SECTION 2.13 Interest.

(a) The Loans shall bear interest at the Applicable Rate.

(b) [Reserved].

(c) Notwithstanding the foregoing, during the occurrence and continuance of an Event of Default, the Administrative Agent or the Required Lenders may, at their option, by notice to the Borrower (which notice may be revoked at the option of the Required Lenders notwithstanding any provision of Section 9.02 requiring the consent of “each Lender affected thereby” for reductions in interest rates), declare that (i) all Loans shall bear interest at 2% plus the rate otherwise applicable to such Loans as provided in the preceding paragraphs of this Section or (ii) in the case of any other amount outstanding hereunder, such amount shall accrue at 2% plus the Applicable Rate.

(d) Accrued interest on each Loan (accrued through the last day of the current calendar quarter) shall be payable in arrears on each Interest Payment Date for such Loan and shall be paid in kind by capitalization as additional principal and not in cash, and such capitalized interest (the “PIK Interest”) shall thenceforth be considered an amount of outstanding principal, for all purposes hereof (and shall bear interest in accordance with this Section 2.13); provided that (i) interest accrued pursuant to paragraph (c) of this Section shall be payable on demand and (ii) in the event of any repayment or prepayment of any Loan, accrued interest on the principal amount repaid or prepaid shall be payable in cash on the date of such repayment or prepayment.

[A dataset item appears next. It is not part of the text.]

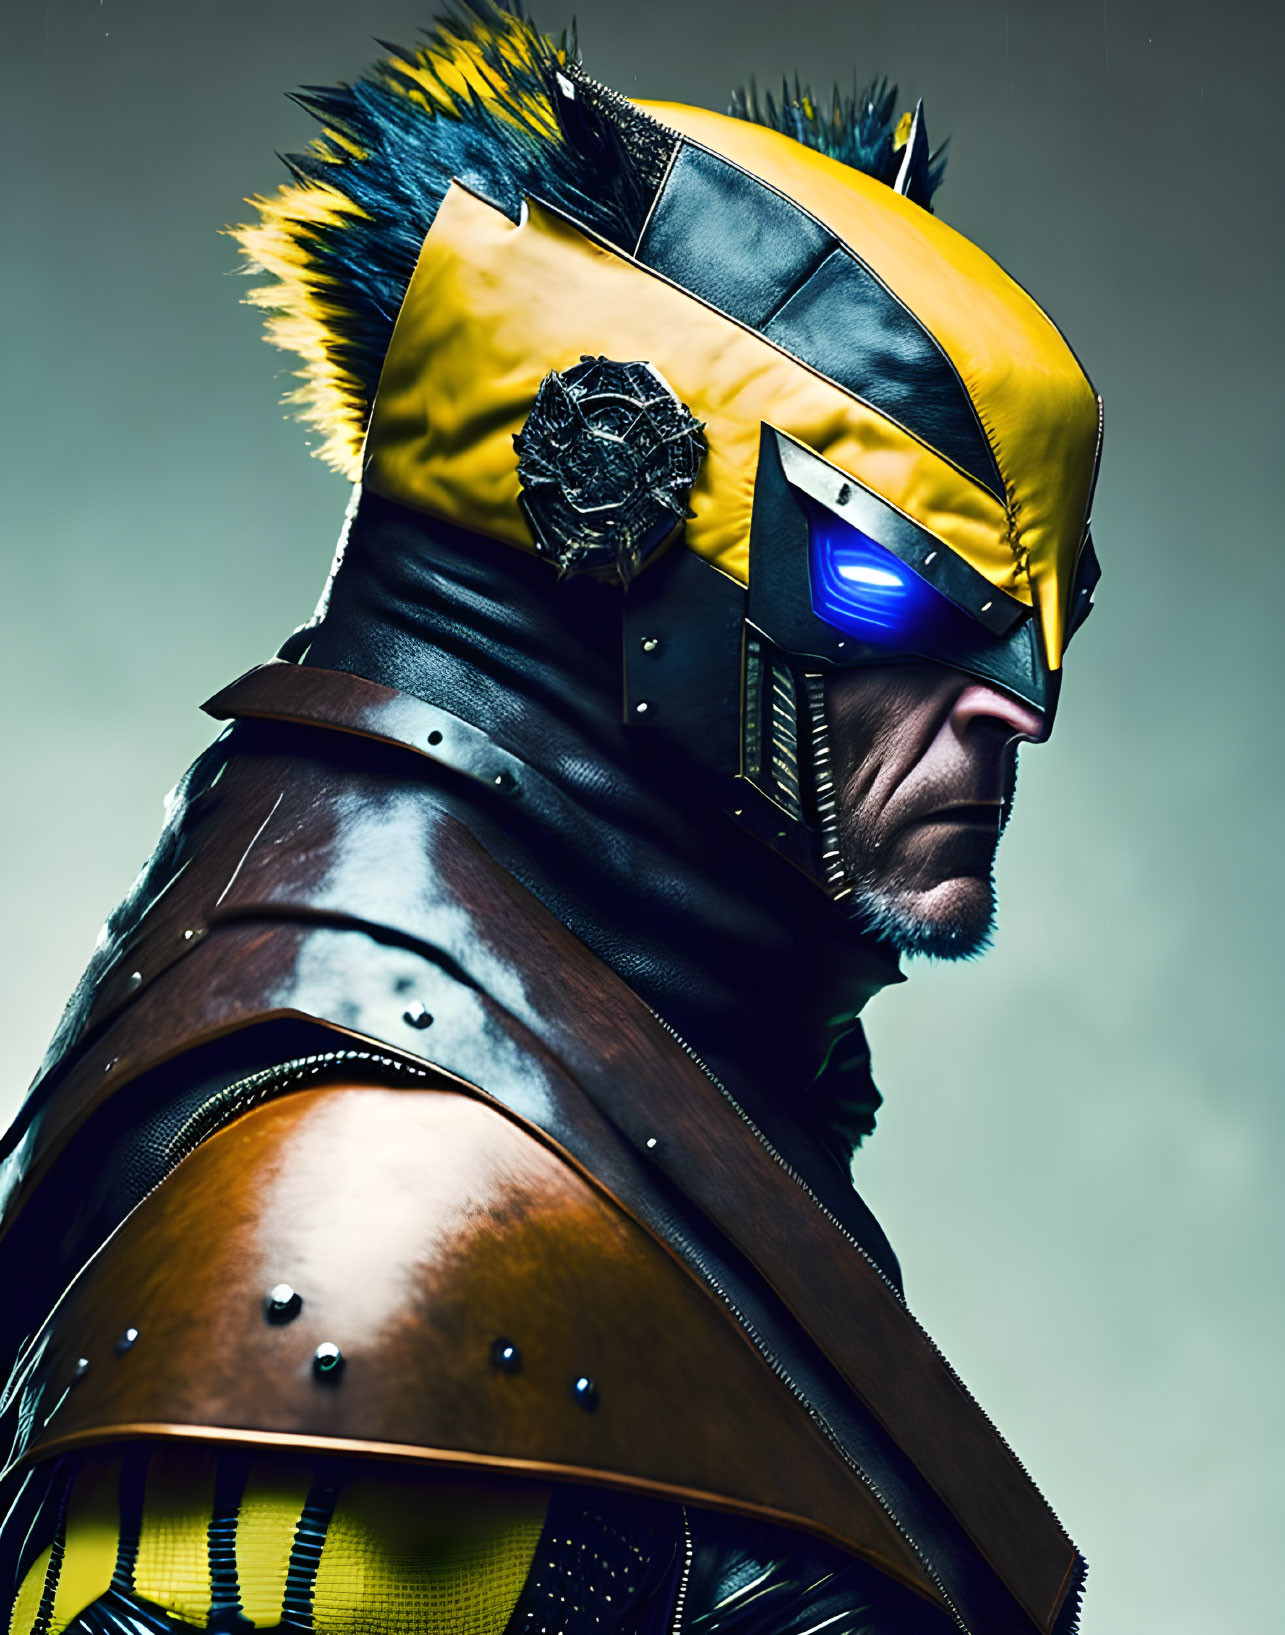 Futuristic knight in yellow and black costume with glowing blue visor

(e) All interest hereunder shall be computed on the basis of a year of 360 days, and shall be payable for the actual number of days elapsed (including the first day but excluding the last day).

(f) Notwithstanding the foregoing, if any principal of or interest on any Loan or any fee or other amount payable by the Borrower hereunder is not paid when due, whether at stated maturity, upon acceleration or otherwise, such overdue amount shall bear interest, after as well as before judgment, at a rate per annum equal to the default rate described in paragraph (c) of this Section to the fullest extent permitted by applicable law.

 

35


(g) For purposes of the Interest Act (Canada), whenever any interest or fee under this Agreement is calculated using a rate based on a year of 360 days, the rate used pursuant to such calculation, when expressed as an annual rate, is equivalent to (a) the applicable rate based on a year of 360 days, (b) multiplied by the actual number of days in the calendar year in which the period for which such interest or fee is payable (or compounded) ends, and (c) divided by 360 . The principle of deemed reinvestment of interest does not apply to any interest calculation under this Agreement, and the rates of interest stipulated in this Agreement are intended to be nominal rates and not effective rates or yields.

SECTION 2.14 [Reserved].

SECTION 2.15 Increased Costs(a) .

(a) If any Change in Law shall:

(i) impose, modify or deem applicable any reserve, special deposit, liquidity or similar requirement (including any compulsory loan requirement, insurance charge or other assessment) against assets of, deposits with or for the account of, or credit extended by, any Lender; or

(ii) impose on any Lender any other condition, cost or expense (other than Taxes) affecting this Agreement or Loans made by such Lender; or

(iii) subject any Recipient to any Taxes (other than (A) Indemnified Taxes, (B) Taxes described in clauses (b) through (d) of the definition of Excluded Taxes and (C) Connection Income Taxes) on its loans, loan principal, letters of credit, commitments, or other obligations, or its deposits, reserves, other liabilities or capital attributable thereto;

and the result of any of the foregoing shall be to increase the cost to such Lender or such other Recipient of making, continuing, converting into or maintaining any Loan (or of maintaining its obligation to make any such Loan) or to increase the cost to such Lender or to reduce the amount of any sum received or receivable by such Lender or such other Recipient hereunder (whether of principal, interest or otherwise), then the Borrower will pay to such Lender or such other Recipient, as the case may be, such additional amount or amounts as will compensate such Lender or such other Recipient, as the case may be, for such additional costs incurred or reduction suffered.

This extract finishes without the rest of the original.